Jamie Reid is going to be a first-year student studying psychology at the University of Guelph and is looking to move to Guelph from Mississauga to be closer to campus.

“It is expensive,” she said. “Rent is from $650 to $750 a month, and I’m like, ‘whoa,’ If anything, I understand that for Mississauga, but Guelph is a more rural area, so I don’t know why it’s so expensive for student housing,” she said. “They do know we’re students, so I was kind of surprised on that.”

Hart Togman, Rent Panda’s chief operating officer, said in addition to dealing with rents that are close to $100 a month or more expensive this year, students are dealing with a frenzy of competition for rental spaces in the more desirable, student-oriented locales. He said this trend is especially true in Guelph.

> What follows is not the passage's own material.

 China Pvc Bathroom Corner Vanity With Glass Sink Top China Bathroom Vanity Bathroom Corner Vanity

“Decrease in supply and the sustained demand, regardless of prices, is leading to high competition,” he said.

“So students are chomping at the bit for places and having trouble in their search for a home, messaging dozens and dozens of places,” he said.

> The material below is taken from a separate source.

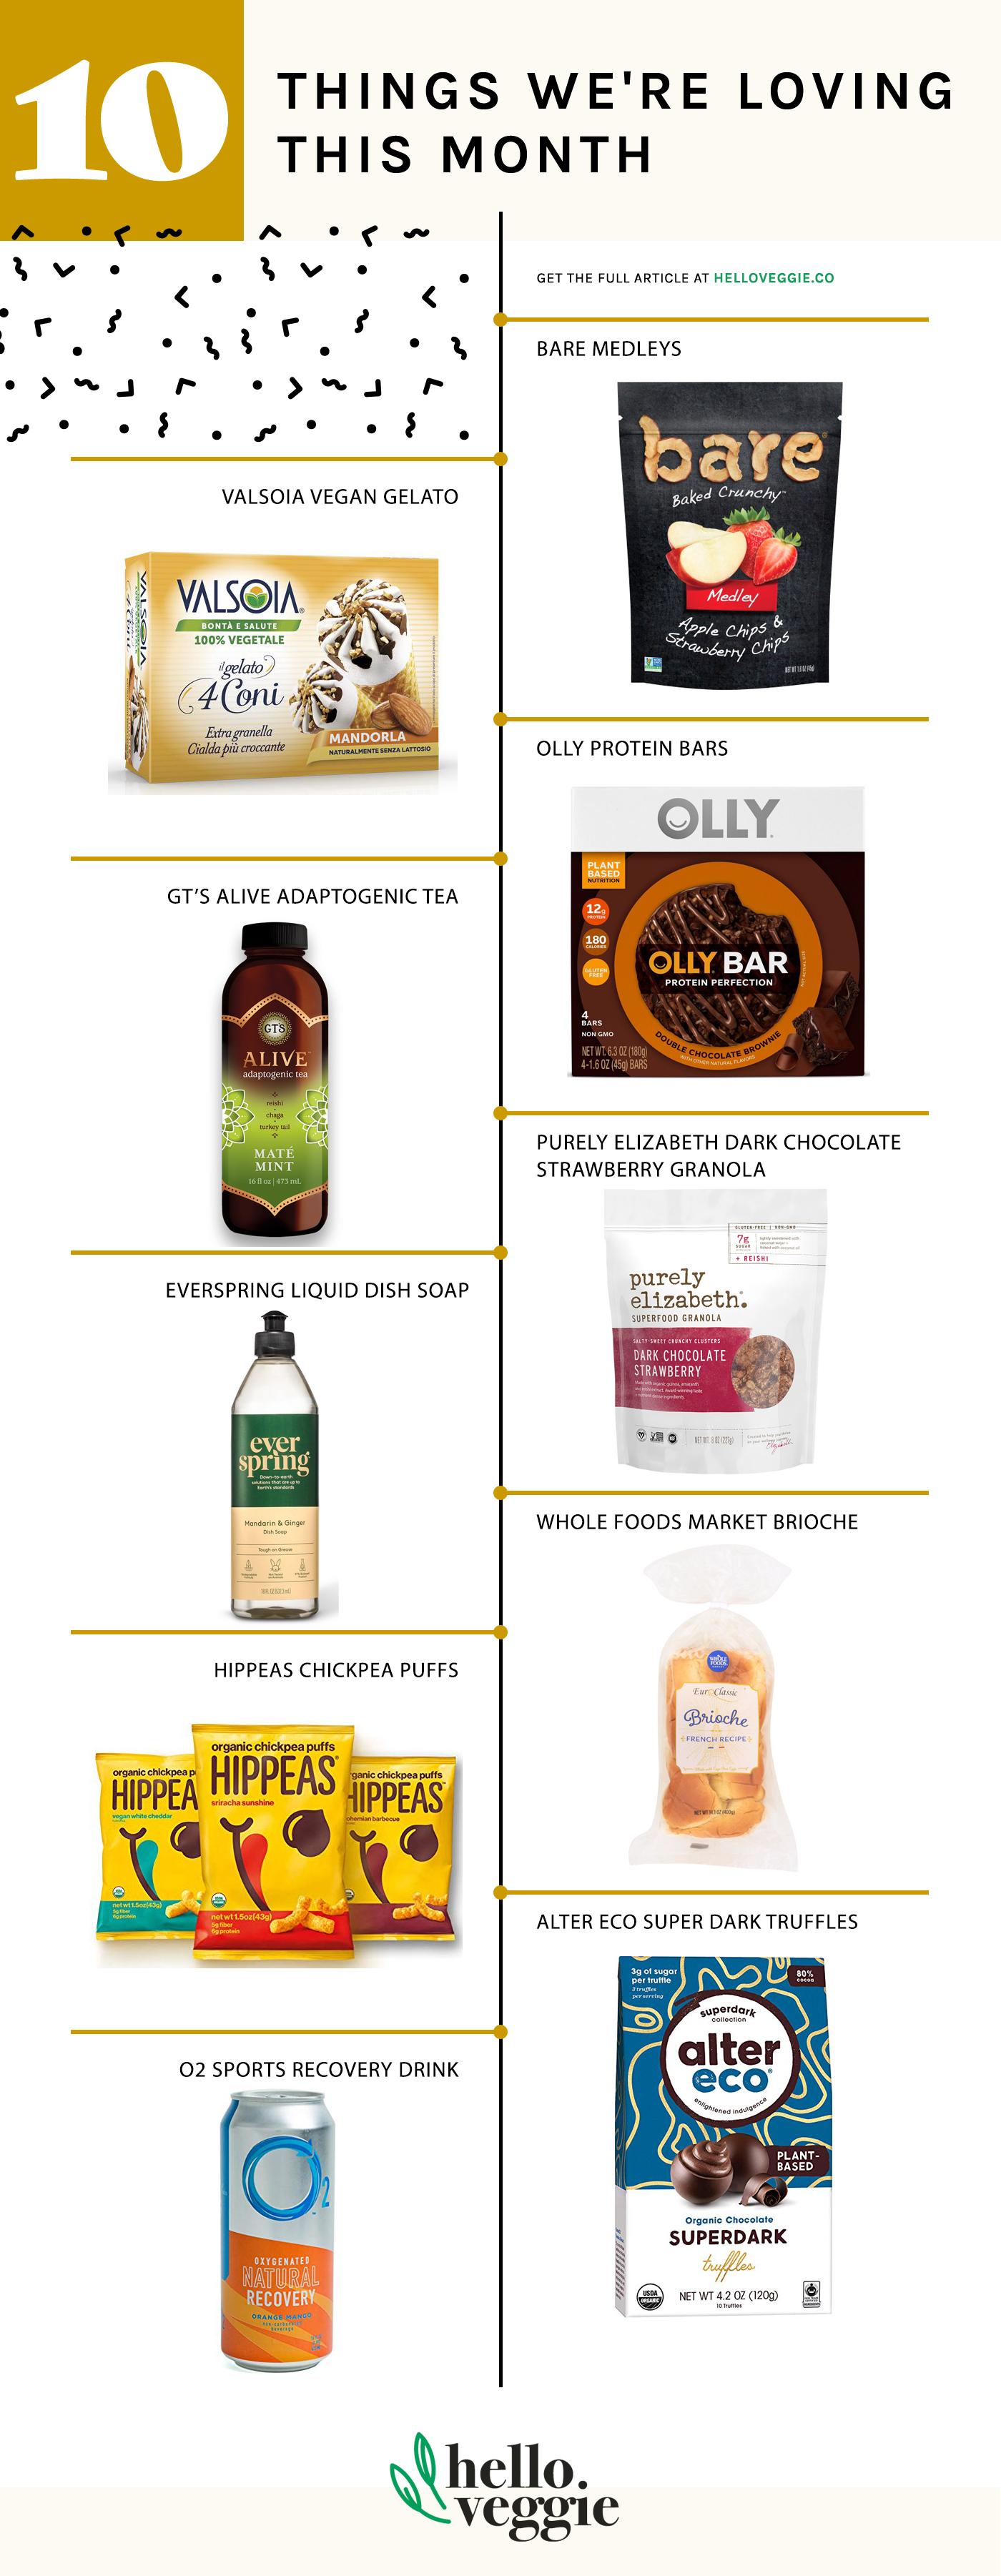 Vegan Gelato + 9 More Things We're Loving This Month

Ms. Reid has found looking for a rental this year to be tough because prospective tenants are up against multiple people bidding on the same room once a listing goes up.

“It is really competitive to find things. I was actually supposed to get a place. I was promised it. And all of a sudden they were like ‘Oh no, sorry. We’re going to give it to someone else.’ Then another girl was like ‘Oh no, we’re looking for someone older,’” she said.

Ms. Reid made the decision not to stay on campus despite being a first year, but still feels it is very important that she gets the university student experience from her off campus living arrangements.

“The fact that I am living in student housing, I’ll make friends with students in different years. There are always going to be parties, and there are always going to be fun outings. You’re always going to make friends because you’re going to meet people around campus,” she said.

“I feel like off campus you’re still doing the same things.” she said. “If anything nowadays, it’s just less rules and regulations.”

Most Canadian universities and colleges have announced plans to have more on campus activities for the fall 2021 semester after more than a year of Covid-19 lockdowns.

Ms. Reid finally found a place this month.